[Supplied material]
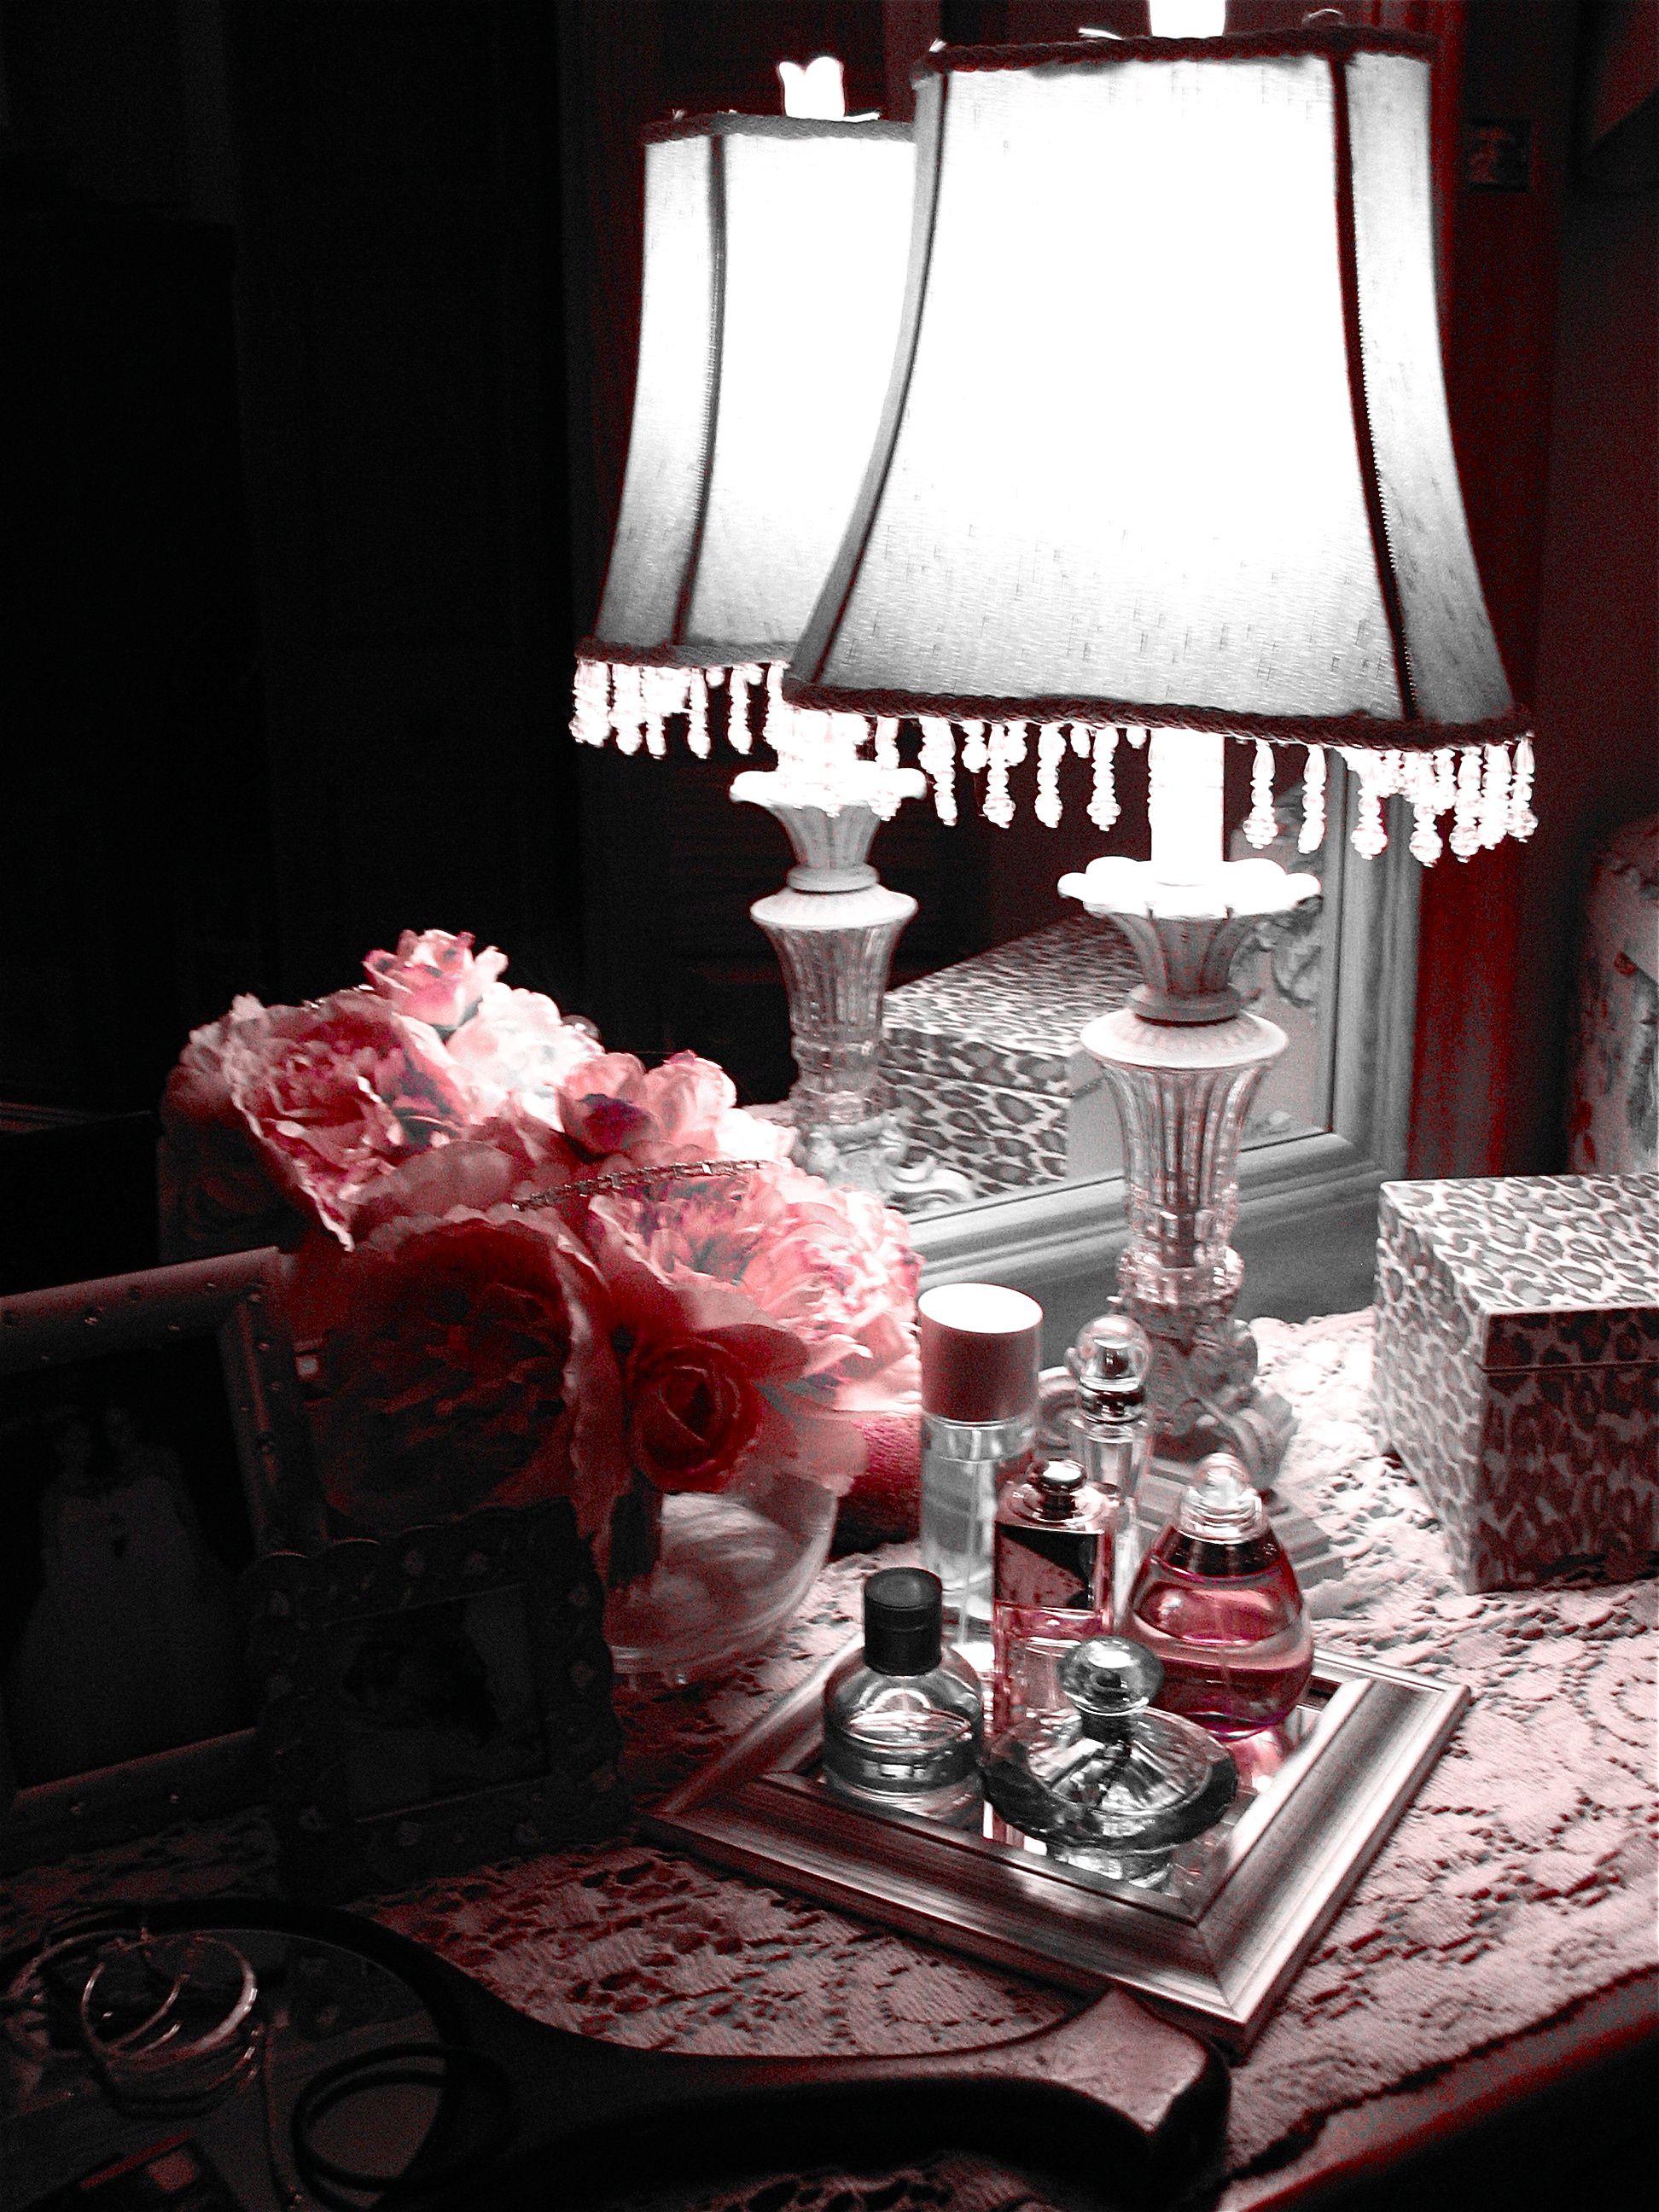 boudoir decorating    perfume bottles on my nightstand  why didn t. boudoir decorating    perfume bottles on my nightstand  why didn t
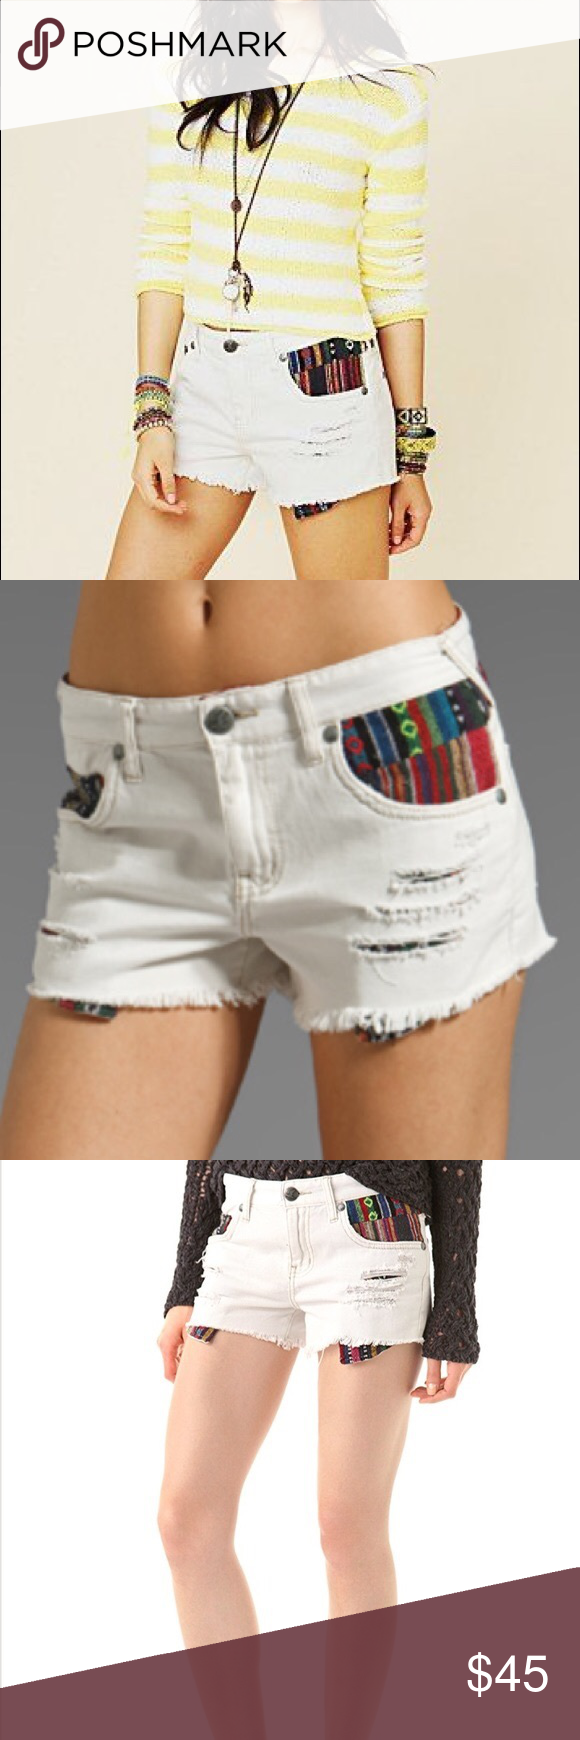 Free People Baja White Denim Cutoff Shorts ???? Coming Free People Shorts #denimcutoffshorts
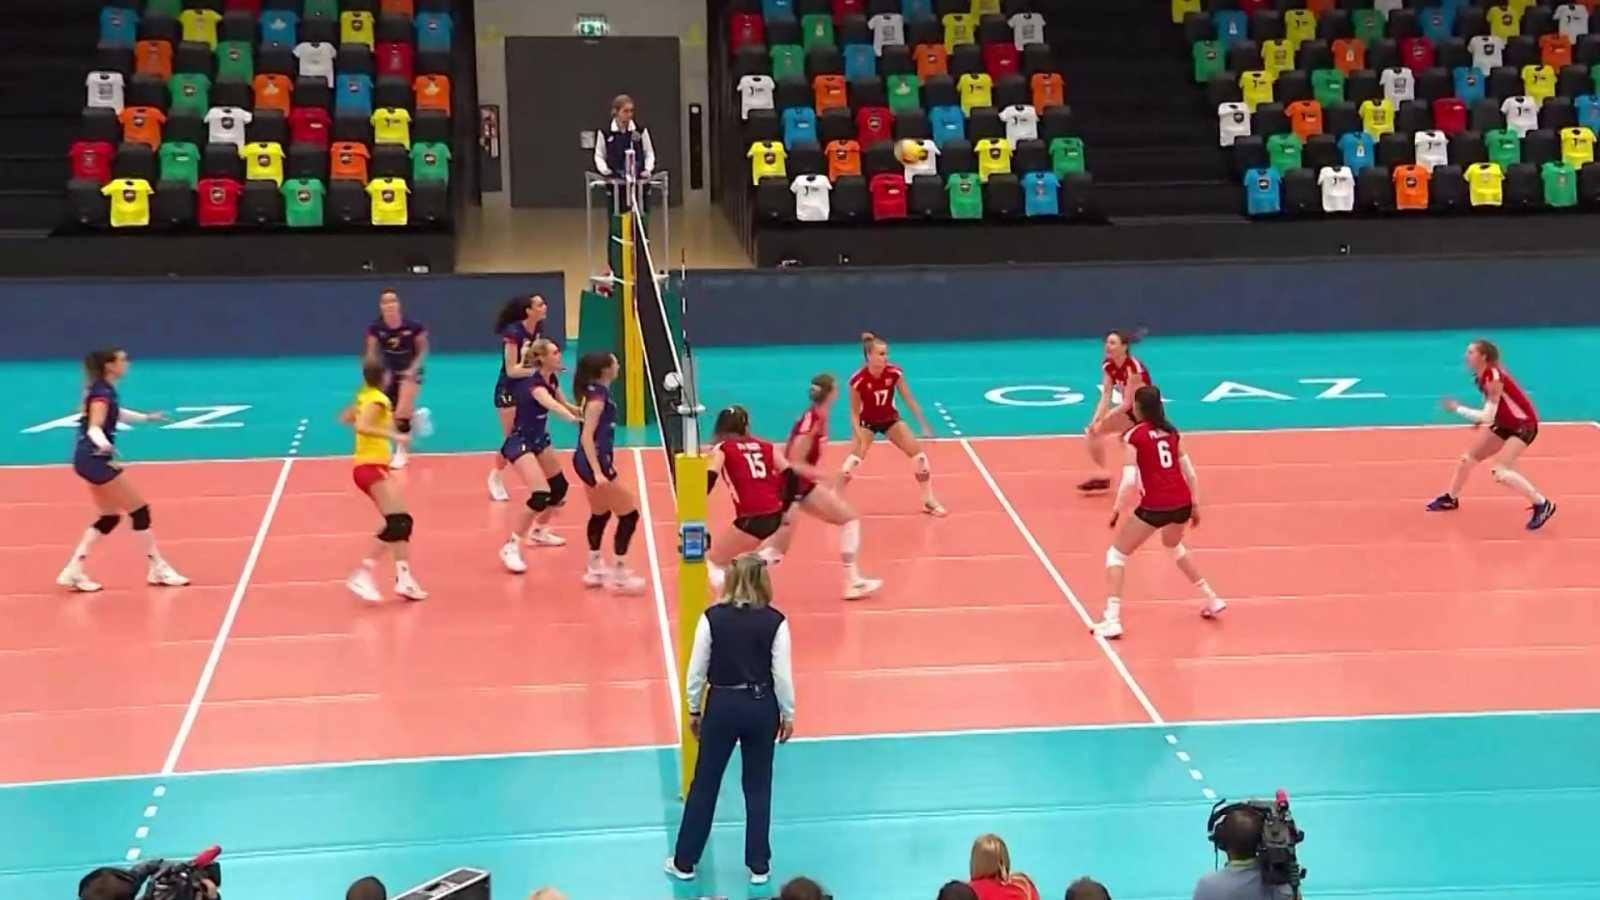 Voleibol - Clasificación Campeonato de Europa femenino 4ª jornada: Austria - España - ver ahora
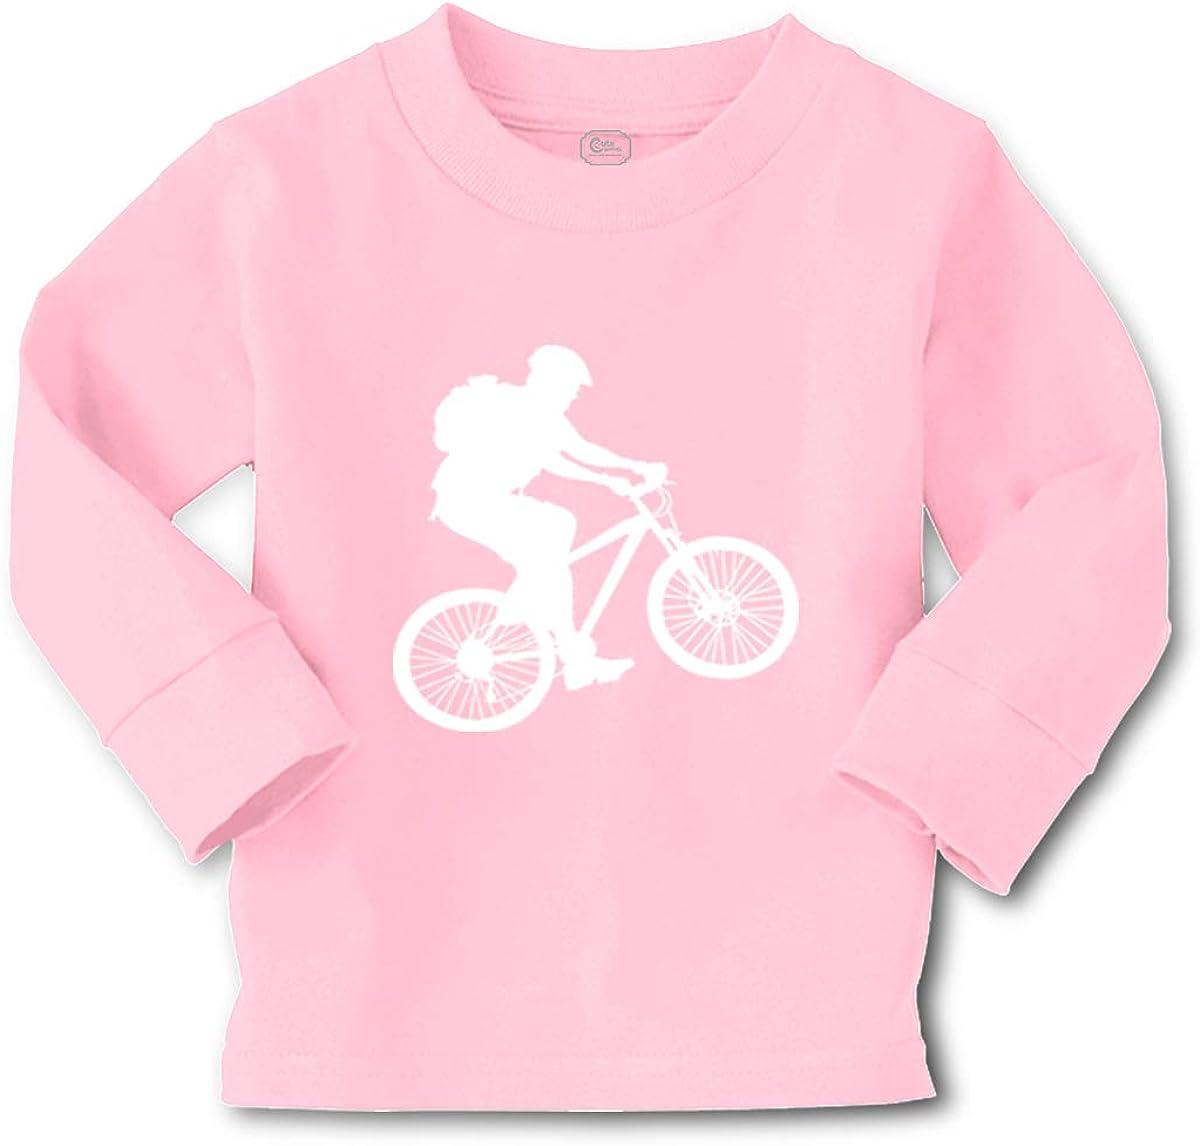 Cute Rascals Kids Long Sleeve T Shirt BMX Sport Cotton Boy & Girl Clothes Funny Graphic Tee
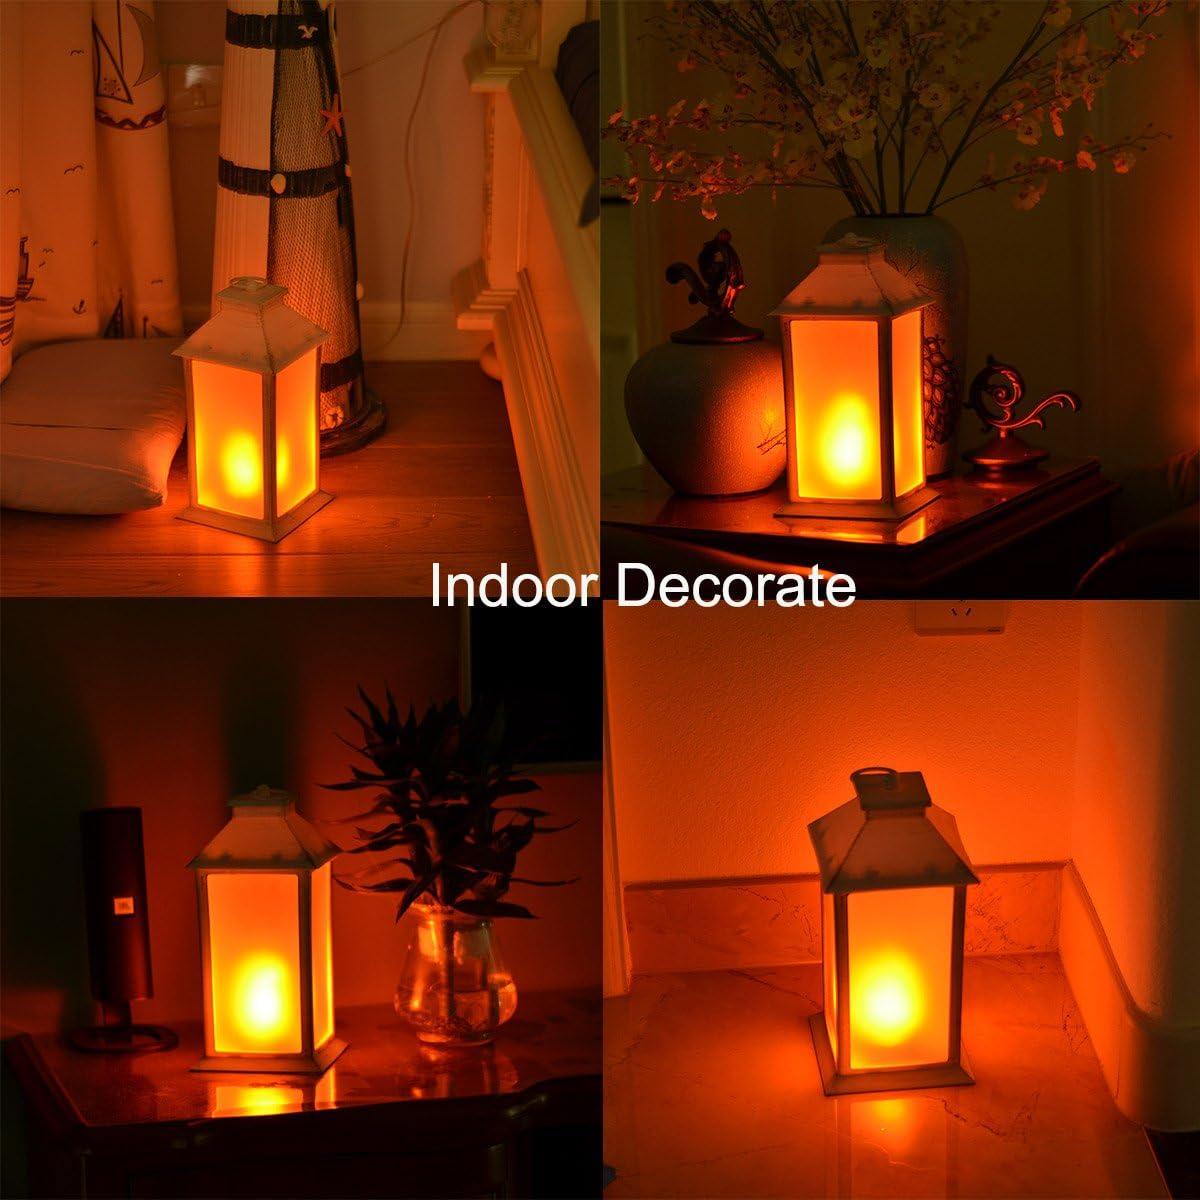 Indoor//Outdoor Hanging Lantern,Decorative Candle Lantern zkee 13 Vintage Style Decorative Lantern,Flickering Flame Effect LED Lantern, Golden Brushed White,4 Hours Timer Battery Included Set of 2
[/Supplied material]
● Work order
Copy out every entry above verbatim. Leave each picture out.

● Your solution
 boudoir decorating    perfume bottles on my nightstand  why didn t. boudoir decorating    perfume bottles on my nightstand  why didn t
 Free People Baja White Denim Cutoff Shorts ???? Coming Free People Shorts #denimcutoffshorts
 Voleibol - Clasificación Campeonato de Europa femenino 4ª jornada: Austria - España - ver ahora
 Cute Rascals Kids Long Sleeve T Shirt BMX Sport Cotton Boy & Girl Clothes Funny Graphic Tee
 Indoor//Outdoor Hanging Lantern,Decorative Candle Lantern zkee 13 Vintage Style Decorative Lantern,Flickering Flame Effect LED Lantern, Golden Brushed White,4 Hours Timer Battery Included Set of 2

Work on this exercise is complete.